In Cleveland, the school board last week passed Chief Executive Officer Eugene T.W. Sanders’ “transformation” plan, which would close 16 schools in the 50,000-student district of more than 100 schools, reorganize the central office, and shift high schools from a traditional, comprehensive model to one of smaller academies.
And in Detroit, a coalition of local foundations and community organizations—with the support of Mayor Dave Bing—last week unveiled a $200 million plan that aims to transform not only the city’s beleaguered public school system, but also its private and charter schools, creating a citywide standards commission that will publish annual report cards for all those schools.
Daniel A. Domenech, the executive director of the Arlington, Va.-based American Association of School Administrators, said the nation can expect to see more such aggressive moves as cash-strapped school districts leverage financial conditions to help make changes.
“The economy is forcing the issue,” Mr. Domenech said. “Many places might see this as a time for constructive abandonment. Sometimes it’s easier to get rid of programs that haven’t been effective when you have a serious economic issue.”
Districts are also being prodded by the availability of competitive education grants through the American Recovery and Reinvestment Act, the federal economic-stimulus law that has placed an emphasis on the goals those cities are pursuing, including stronger teacher evaluations and turnarounds of low-performing schools.
States have also gotten in on the action. Massachusetts announced last week that it may use a new state law designed to address persistently failing schools to take over 35 low-performing schools, primarily in Boston and Springfield, if they do not improve.
Kansas City Shake-Up
The move to shutter nearly half of Kansas City’s schools “should have come as no surprise for citizens of the community,” said Superintendent Covington, whose district saw a 50 percent decrease in enrollment over the past decade. “We have known for years this is a decision that needed to be made.”
The Kansas City plans also call for laying off about 700 of the district’s 3,000 employees. About 285 teachers are expected to be included in the layoffs.
But the shake-up is only the beginning of the district’s plans, Mr. Covington said.

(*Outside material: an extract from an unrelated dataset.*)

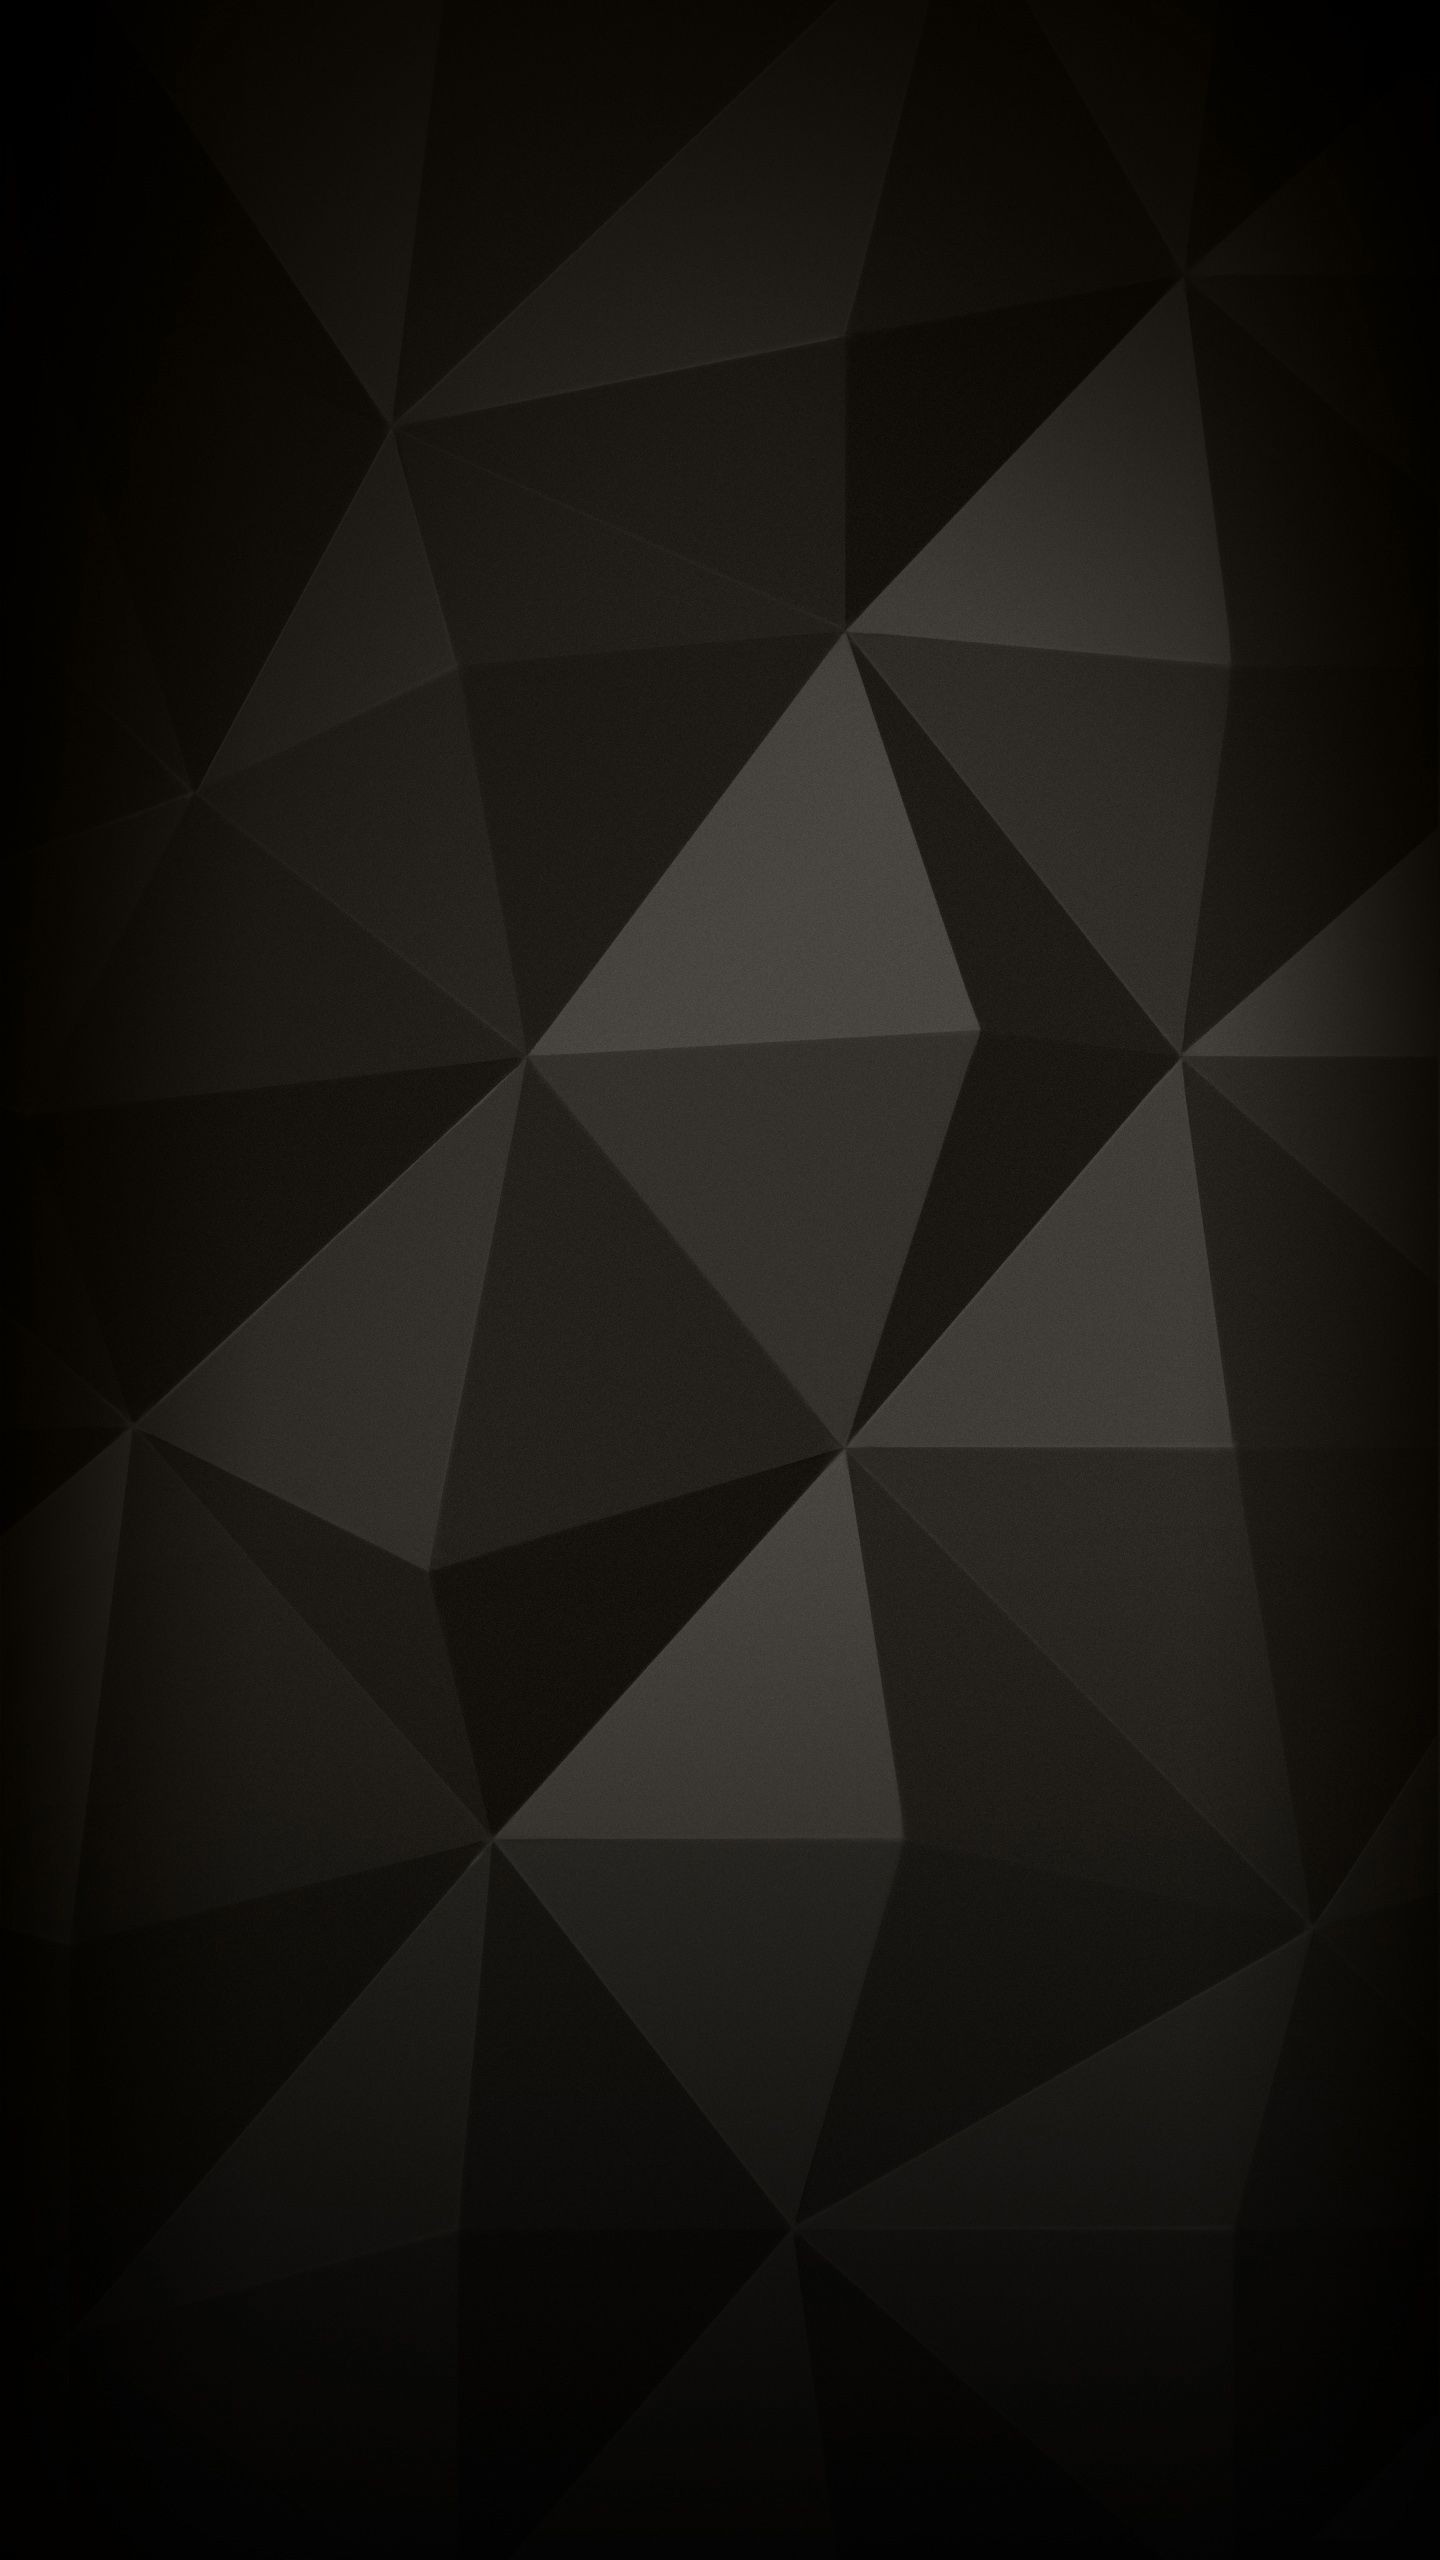 Black phone wallpaper ·① Download free beautiful High Resolution wallpapers for desktop and

While the cuts in buildings and staffing allow the district to avoid a $50 million deficit in its $300 million budget, the district plans to make more cuts and use the resulting savings to help pay for its academic-transformation plan, which is to be unveiled later this month. Mr. Covington said that plan will include performance-based pay for teachers, individualized education plans for students, and an end to social promotion of students.
“We are right-sizing the district not only for purposes of ensuring we are not spread too thin, but to ensure we have the ability to better utilize our financial and human resources in ways that lead to greater student academic achievement,” he said. “We can’t do that within the current structure.”
Such changes are long overdue, said Michael D. Casserly, the executive director of the Washington-based Council of the Great City Schools, an advocacy group representing more than 60 of the nation’s largest urban school districts.
The council issued an extensive report in the summer of 2006 on Kansas City’s academics and operations. The study found a district that suffered from high turnover, the lack of a clear vision, and a need to close underutilized facilities.
“They are operating too many buildings with too few systems, and it is bleeding the system dry,” Mr. Casserly said in an interview.
A mixture of school closings and program redevelopment is also at work in Cleveland.
“One of the reasons we wanted to do it was the need for comprehensive school reform—not just in terms of addressing the budgetary and student-enrollment challenges,” said Mr. Sanders, the schools chief.
The district is attempting to address a projected $52 million deficit for the 2010-11 school year in a budget of approximately $700 million. The school transformation plan, which is expected to cost about $70 million over three years, is also expected to produce $17 million in cost savings.
The Cleveland initiative creates a plan for each school in the district. Those not closed will be placed in categories called “growth,” “refocus,” or “repurpose.” The district plans to put more emphasis on making sure the transition between middle and high school is stronger for 9th graders, in an effort to raise the graduation rate.
Mr. Sanders said the district hopes to use federal economic-stimulus funding—potentially from the Race to the Top competition, Title I School Improvement Grants, and the Investing in Innovation Fund—to help pay for about a third of the cost of the transformation.
Ohio was recently named one of 16 finalists in the U.S. Department of Education’s $4 billion Race to the Top competition. The state next month will learn if its $410 million proposal is a winner. (“Race to Top Enters Home Stretch,” March 10, 2010.)
“We know how competitive it is, but we think our story in Cleveland is also compelling, and we think it will be an attractive story to federal officials,” Mr. Sanders said.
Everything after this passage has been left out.